True there are plenty of very angry people who shout loudly and say the EU is unfair, undemocratic, totalitarian, a socialist plot etc. I empathise with much of this anger and think the EU project in political terms has major flaws (though, as a free trade enthusiast, I applaud many aspects of the single, open market).

But how I feel and how you feel is actually beside the point. The political and economic reality is that all the major parties wholeheartedly (yes Conservatives included) support the EU project and have accepted the contract of "ever closer union". And the business community (both corporate bosses and trade union leaders) accept, support and demand our membership of the EU - and derive much benefit from it for their efforts.

A contract is considered accepted in law if you abide by the terms of the contract or accept the benefit of the contract even if you haven't signed it and even if you consider it unfair. Both Labour and Conservatives administrations (and by association the UK) have gone further and signed treaties that implicitly derive from the stated aim of ever closer union - and so have, de facto, accepted the inevitable creation of a legal entity and political state called Europe.

Equally many businesses and sections of our society have demanded financial, legal and political support from various elements of the EU and have got it (think farmers, trade negotiations, development funding etc). The result is that there is a large constituency in this country that will swallow any concerns it may have about loss of liberty, sovereignty and democracy in order to continue to derive financial and political benefit from the EU.

Now you may argue that if we had an “In or Out” referendum the “Outs” would win. Maybe – but so what? We are not going to have that referendum. No party is going to promise it – or at least no main stream party will (or needs to) promise it – and no minority party will ever command sufficient electoral support to force such a referendum.

This brings me back to my contention that there is no “electoral majority”. The simple fact is that 50-60% of the population don’t care enough about their future to vote – or are satisfied enough with whichever party is in power not to vote. All elections come down to a motivated 45% of the population: of which more than half will vote for the same old party regardless of policies or performance.

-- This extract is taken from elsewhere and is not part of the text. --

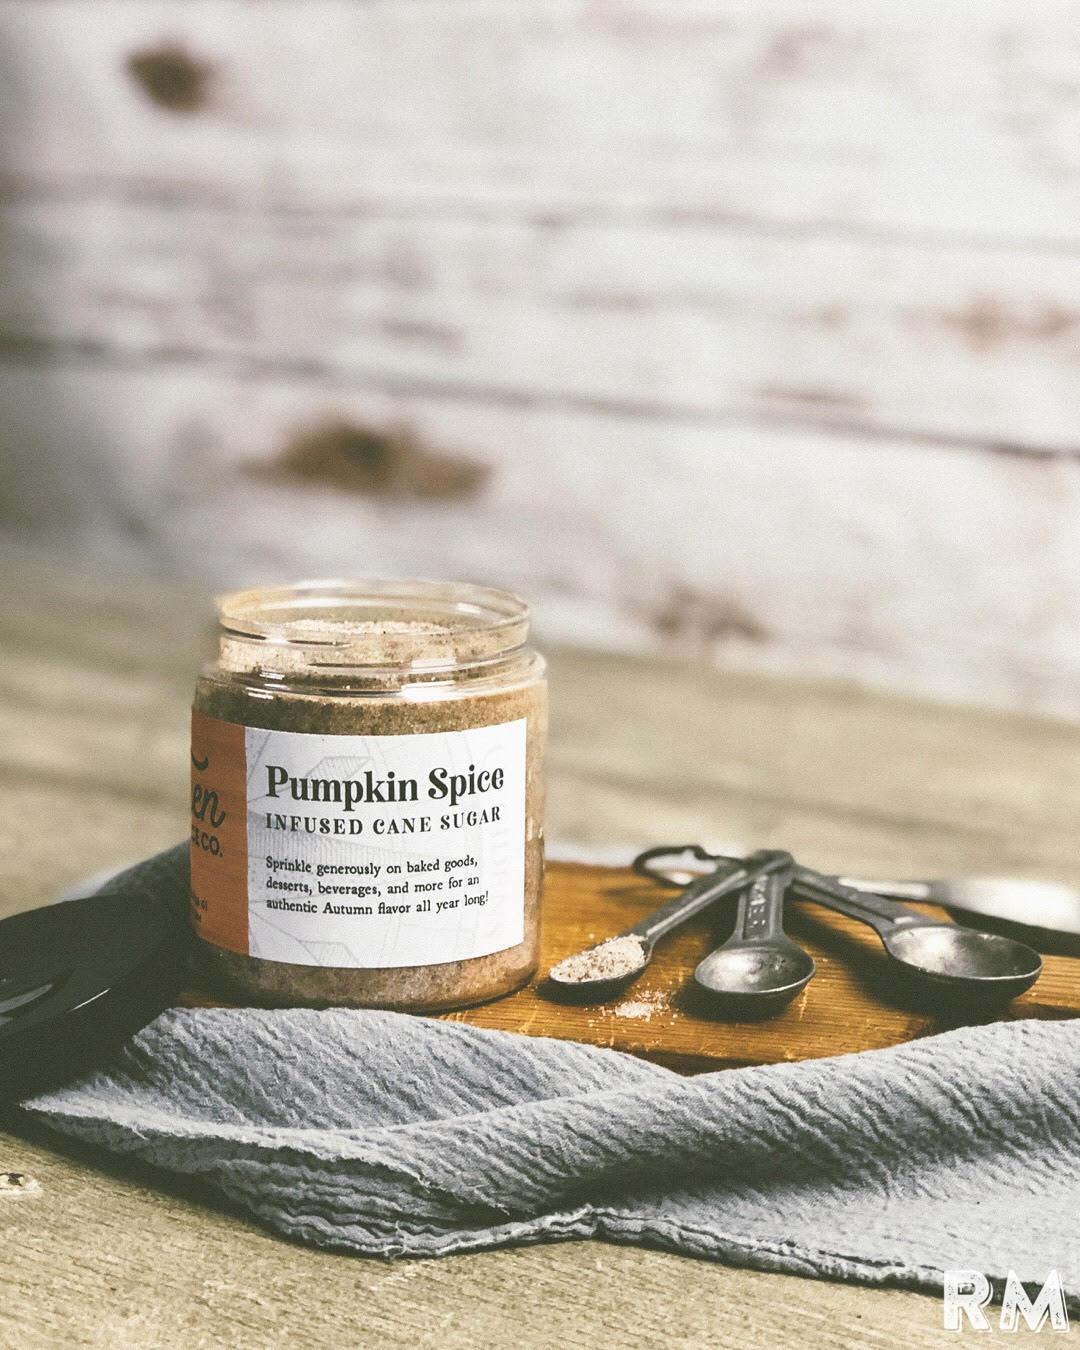 pumpkin spice infused cane sugar

So of the total population only some 20% could be considered active swing voters – and most people will always vote in their comfort zone – a little left, a little right but never for a revolution.

The fringe parties (and I don’t mean to be derogatory – just stating an electoral fact) are fringe because they cannot – and never will command a national electoral plurality (let alone an electoral majority). That is why Dan and others who support a more liberal economic agenda are quite rational in their decision to support the Conservatives even though they do not agree with every policy and even fundamentally disagree with a major policy such as the one on Europe.

Politics is all about trade-offs – about maximising your winnings – accepting the realities on the ground and working for change from inside the machine (rather than standing in the cold and howling at the moon). If you don’t want another five years of Brown you have to support Cameron!